Insomma il sadomaso viene preso così alla leggera che si pensa che tutti possano farlo, tutti possano provare e farne un puro divertimento per passarsi le noiose serate in compagnia.

Questo tono di leggerezza che gli si attribuisce, paragonandolo ad una qualsiasi pratica erotica vanilla, mi fa davvero rizzare i capelli ( ed io ce li ho lisci) perchè in questo modo non si fa altro che creare ancora più confusione in giro e si alimenta l’idea che non si sia master per natura ma che tutti lo possono diventare solo seguendo un corso su come si frusta o su come si lega.

Sono veramente arcistufa di dover spiegare di continuo che il sadomaso non è un hobby e che non serve contro la noia ma pare che ormai questa sia l’idea che tutti hanno e continuano a giocare senza prendere alcuna precauzione per la sicurezza e a combinare guai anche.

Non si informano, non leggono niente, non vogliono nemmeno sapere nulla di quello che è veramente il sadomaso, ma gli importa soltanto divertirsi quella mezz’oretta e dimenticare la moglie o il marito. Non hanno idea di cosa sia il dolore vero e come ci si arriva. Si accontentano di quattro sberle e tutti contenti ritornano a casa sollevati e convinti di aver fatto del sadomaso.

Ma che razza di stronzate! I giochi erotici si fanno, è vero, e possono essere incluse anche coccole vanilla, bacetti, insomma, mille altre cose, ma da qui a ritenere che il sadomaso sia un giochino come tanti davvero mi cadono le braccia.

Siamo tutti presi in causa perchè quando si parla di sadomaso stanno parlando di noi, capite? Quindi io spero che almeno qualcuno che abbia ancora la lucidità e l’intelligenza di sapere cosa sia il sadomaso ci sia tra di voi.

Andassero a leggersi cosa significa sadismo!

Andassero a leggere cosa significa masochismo!

Sono stanca di spiegare che il sadomaso non è un gioco, soprattutto a chi ha letto degli articoli di riviste in cui qualche autrice ( al di fuori di questo ambiente) paragona tutto ad un mero giochino erotico per adulti che non include il dolore. Ebbene il dolore, mentale o fisico, è alla base del sadomaso.

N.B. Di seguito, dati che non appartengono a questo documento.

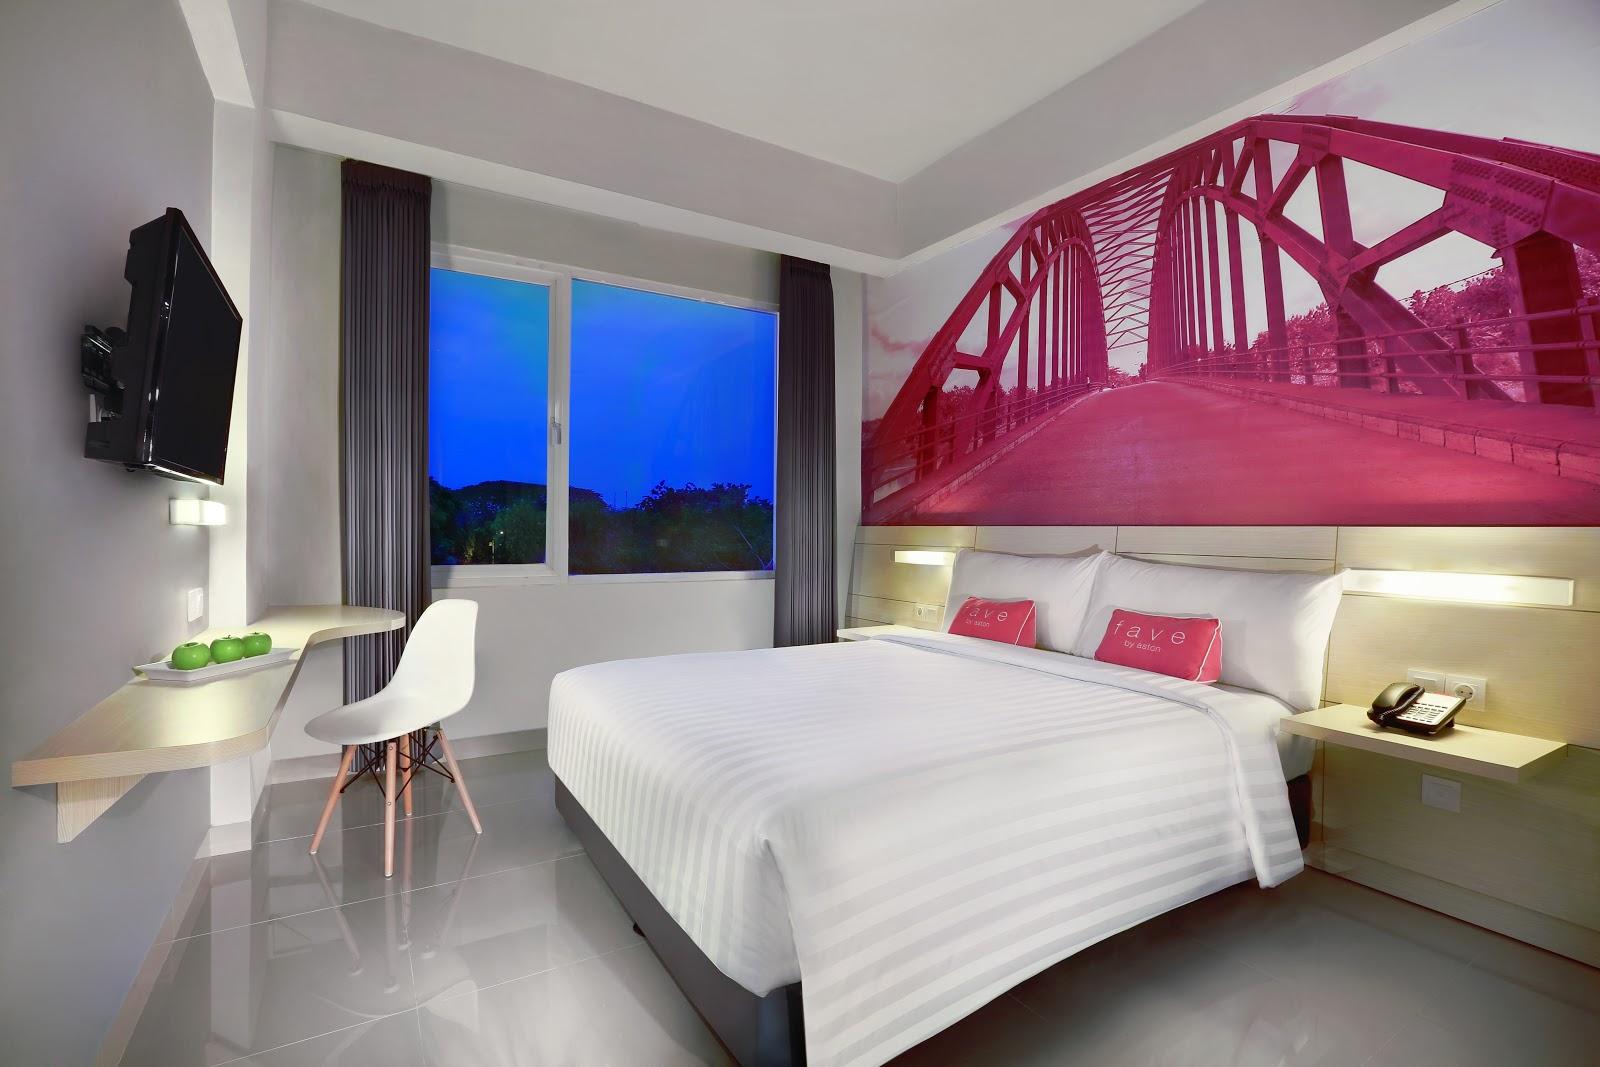 Fave Hotel Sudirman Bojonegoro

Per non parlare di quelle operette rosa che hanno attirato tante lettrici curiose e avide di storie d’amore con matrimoni, fidanzato ricco e felice finale.

Chi vuole conoscere il sadomaso serio deve tenersi lontano da tutte queste corbellerie messe in giro per far soldi. Da chi si propina maestro di tali discipline e da chi dice di poter spiegare tutto riguardo al piacere che deriva dal dolore.

Diffidate da persone che cercano solo di accumulare prede per i loro harem e che non vi spiegano nulla di vero su ciò che è il sadomaso.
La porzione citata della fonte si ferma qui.